Economía fósil e imaginarios neoliberales

Jaime Vindel

#53 /Julio-Agosto 2022

© Esperança Rabat

El origen de la economía fósil se remonta a la primera mitad del siglo xix. Fue entonces cuando el despliegue de la modernidad industrial implicó una serie de transformaciones de gran calado en la organización de las fábricas, que no pueden comprenderse al margen de los cambios en la matriz energética. Externamente, las fábricas se convirtieron en parte de un entramado urbano en expansión, que debía dar respuesta a las necesidades básicas demandadas por la industria y los trabajadores «libres». Fábricas y trabajadores se concentraron en las ciudades como consecuencia de los procesos de expropiación de los comunes rurales, así como de las potencialidades de una nueva fuente de energía primaria, el carbón, cuyo transporte, almacenaje y conversión en trabajo útil era más viable para la clase capitalista. Frente a la intermitencia y el flujo de las energías renovables, cuyo empleo exigía procesos de planificación colectivos y cooperativos, la estabilidad física y el carácter divisible del stock se encontraba en sintonía con una cultura empresarial de signo individualista y competitivo (Malm, 2020).

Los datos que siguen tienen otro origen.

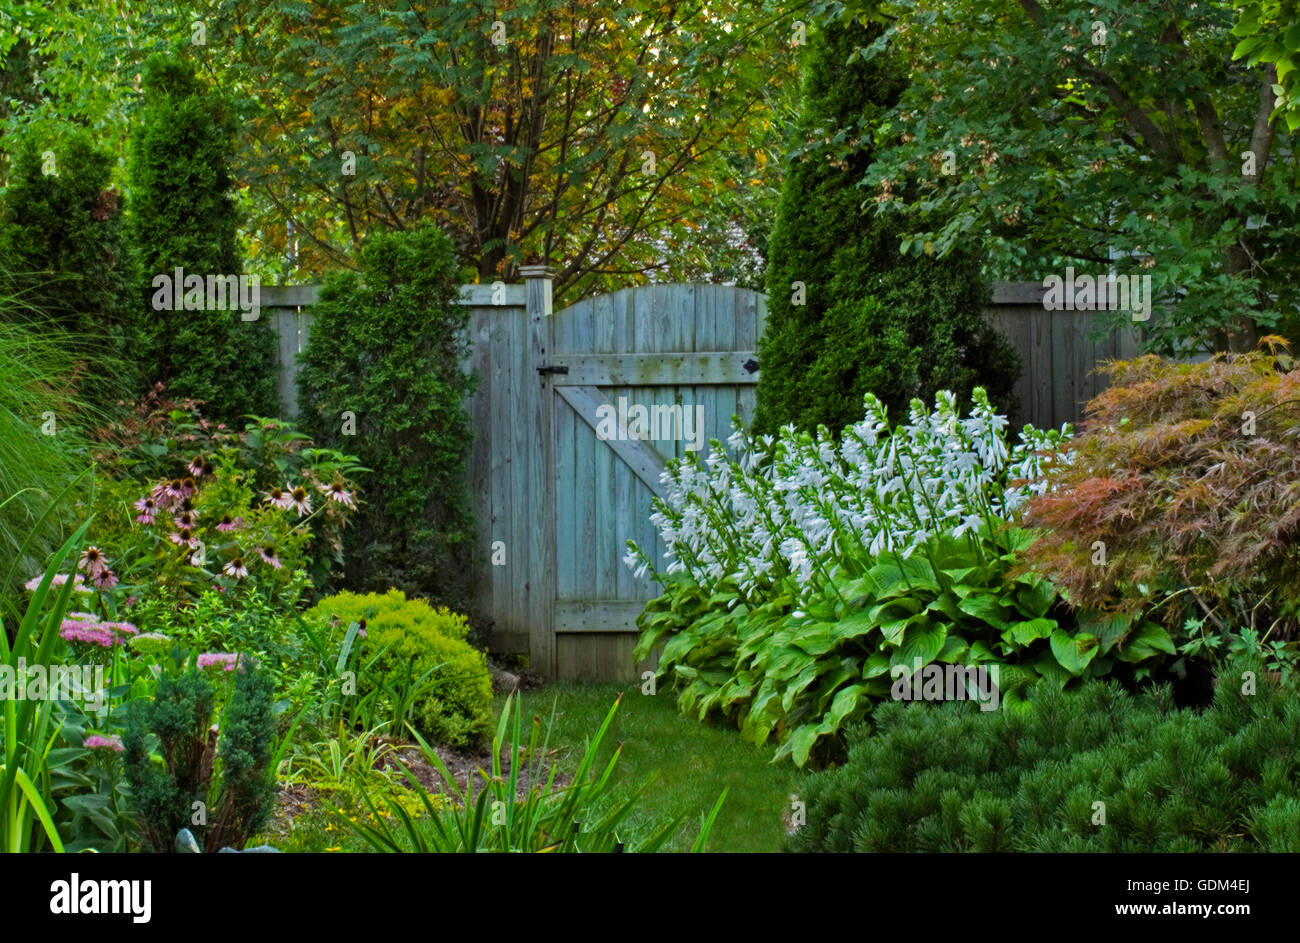 Garden gate with grass path lined with Hosta plantaginea in bloom., side garden Stock Photo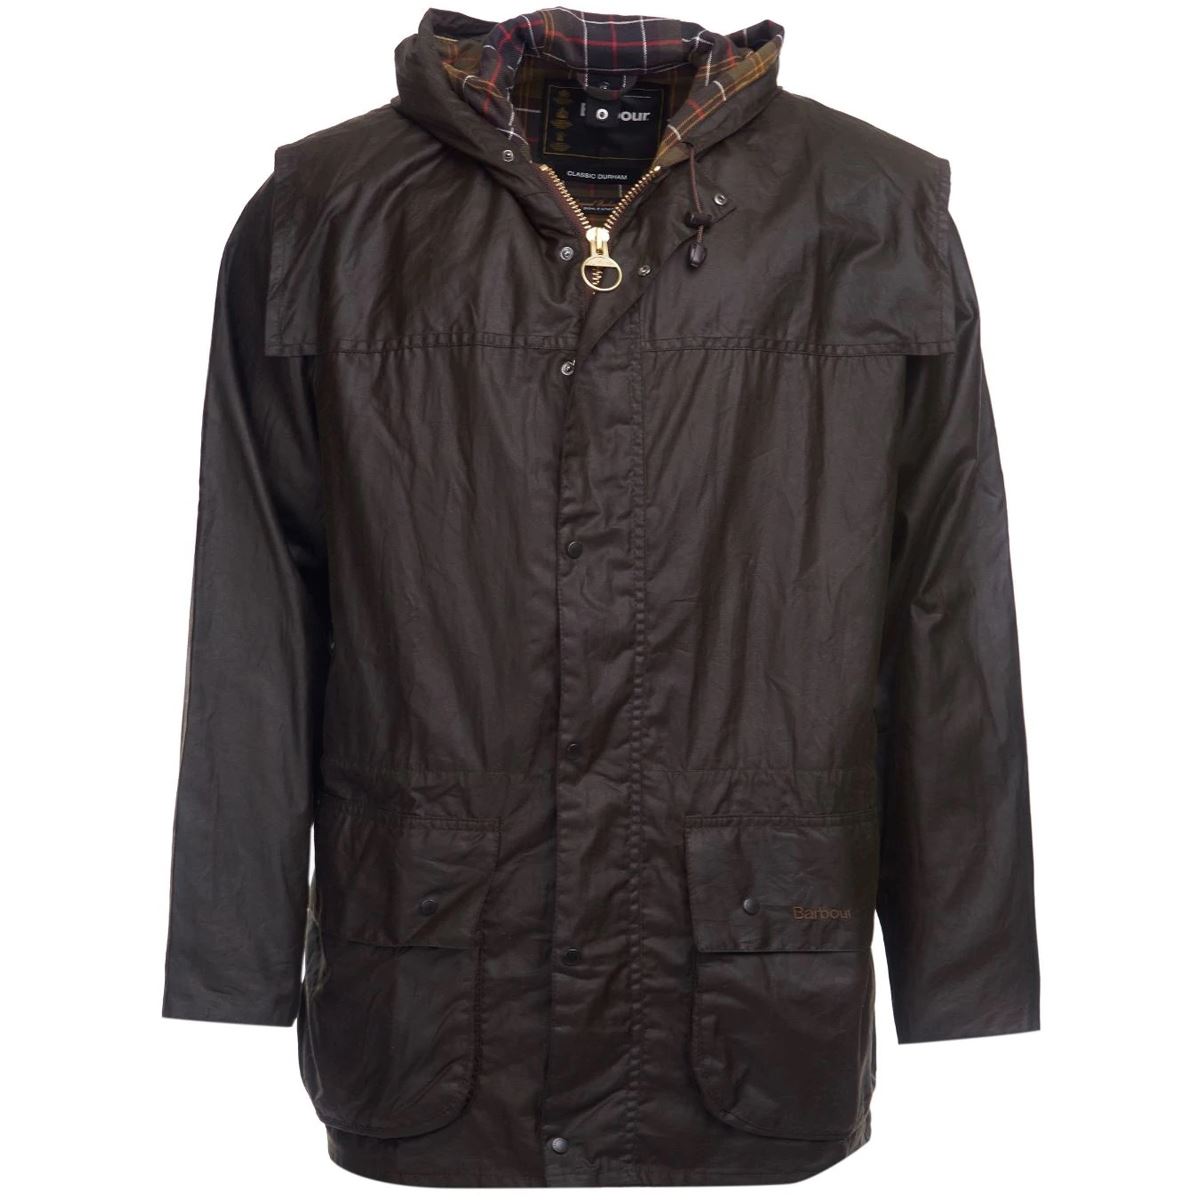 How to preserve the weather resistance of the Barbour Durham Jacket?

Internamente, la aplicación del carbón y la máquina de vapor implicó un nuevo régimen de trabajo fabril, en el que la explotación intensiva de la mano de obra y la mecanización estandarizada de la producción tomarían el mando (Giedion, 1978). La potencia de lo fósil se inscribió así en los cuerpos de los trabajadores como un nuevo régimen de poder.